There is a constant search for improvement in screening, diagnosis, and treatment strategies to improve the prognosis of HCC [30]. In the present study, we found that TLX1 was highly expressed in the HCC tissues and cell lines, and knockdown of TLX1 inhibited the HCC cell viability and mobility. TF ZFP69B induced the expression of TLX1 to promote the transcription of TRAPPC9 in HCC.

The potential function of some genes in the Hox family in the tumor microenvironment and their therapeutic liability in targeted therapy and immunotherapy in HCC have been previously revealed [31], while the role of TLX1 (i.e. HOX11 as we mentioned above) has not been well explained. Akrami et al. found that TLX1 was one of the five genes that can be considered candidate biomarkers or therapeutic targets in pancreatic ductal adenocarcinoma [32]. We also observed the correlation between TLX1 high expression with the larger tumor size and more advanced TNM stage in patients with HCC, indicating its possible biomarker role. Krutikov et al. showed that ectopic TLX1 expression accelerated malignancies in mice deficient in DNA-PK, which was related to dysregulated expression of the cell cycle, apoptotic, and mitotic spindle checkpoint genes [33]. In addition, Bempt et al. revealed that downregulation of TLX1 led to a reduction of target gene expression and induction of leukemia cell death [34]. As Cain et al. summarized, Hox factors ultimately function by manipulating the expression of downstream targets once bound to DNA [35]. Therefore, we sought to identify a target of TLX1 in HCC that might be responsible for its pro-proliferative, pro-migratory, and pro-invasive properties. TRAPPC9 was found to be a candidate with the largest difference in expression in HCC.

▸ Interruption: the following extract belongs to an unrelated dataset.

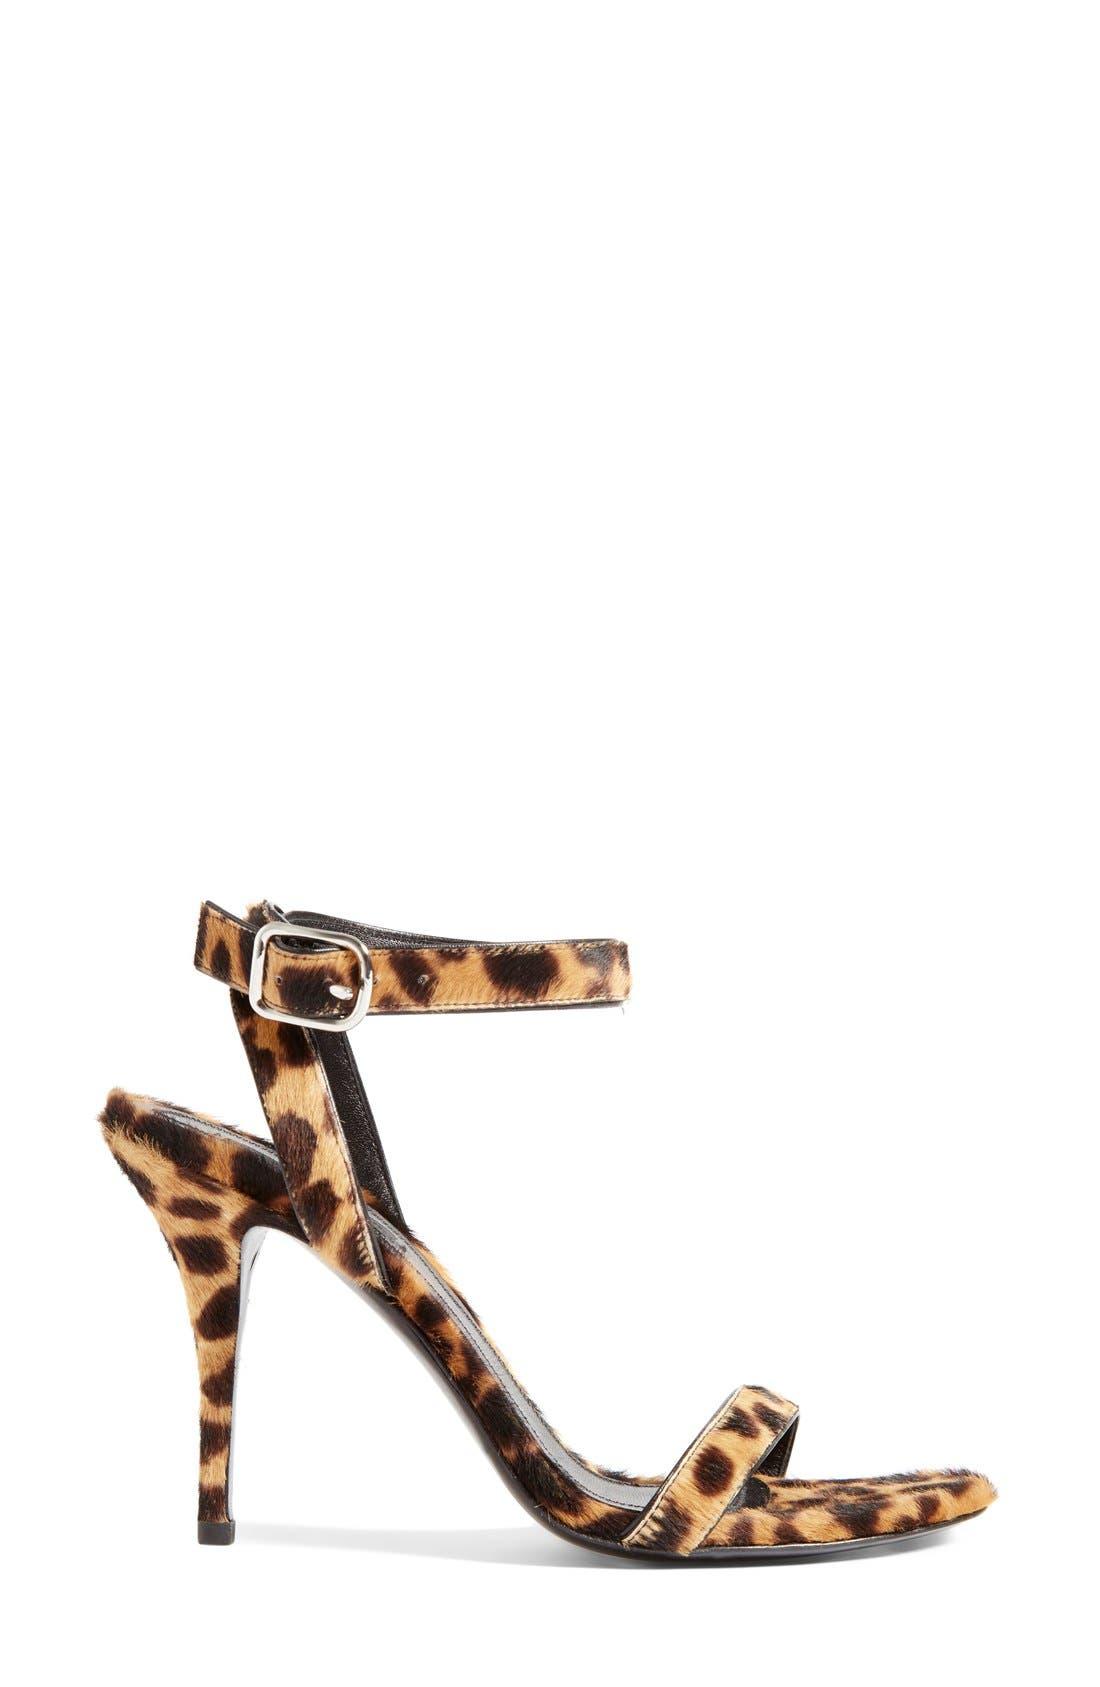 ALEXANDER WANG, 'Atalya' Genuine Calf Hair Ankle Strap Sandal, Alternate thumbnail 3, color, 250

TRAPPC9 has been linked to gastric cancer chemoresistance by promoting epithelial‑mesenchymal transition [36]. In addition, TRAPPC9 impacts the expression of E‑cadherin, CD44, and vimentin via the NF‑κB pathways, which makes TRAPPC9 inhibitors possible targets of colorectal cancer in the future [37]. Single nucleotide polymorphism rs11166927 on chromosome 8 in the TRAPPC9 region was reported by Wattacheril et al.to be closely related to the activity score of nonalcoholic fatty liver disease (p = 8.7e-07) [38] which is emerging as a leading cause of HCC [39]. We, consistently, observed that overexpression of TRAPPC9 induced HCC cell growth and partially prevented the apoptosis in the presence of sh-TLX1.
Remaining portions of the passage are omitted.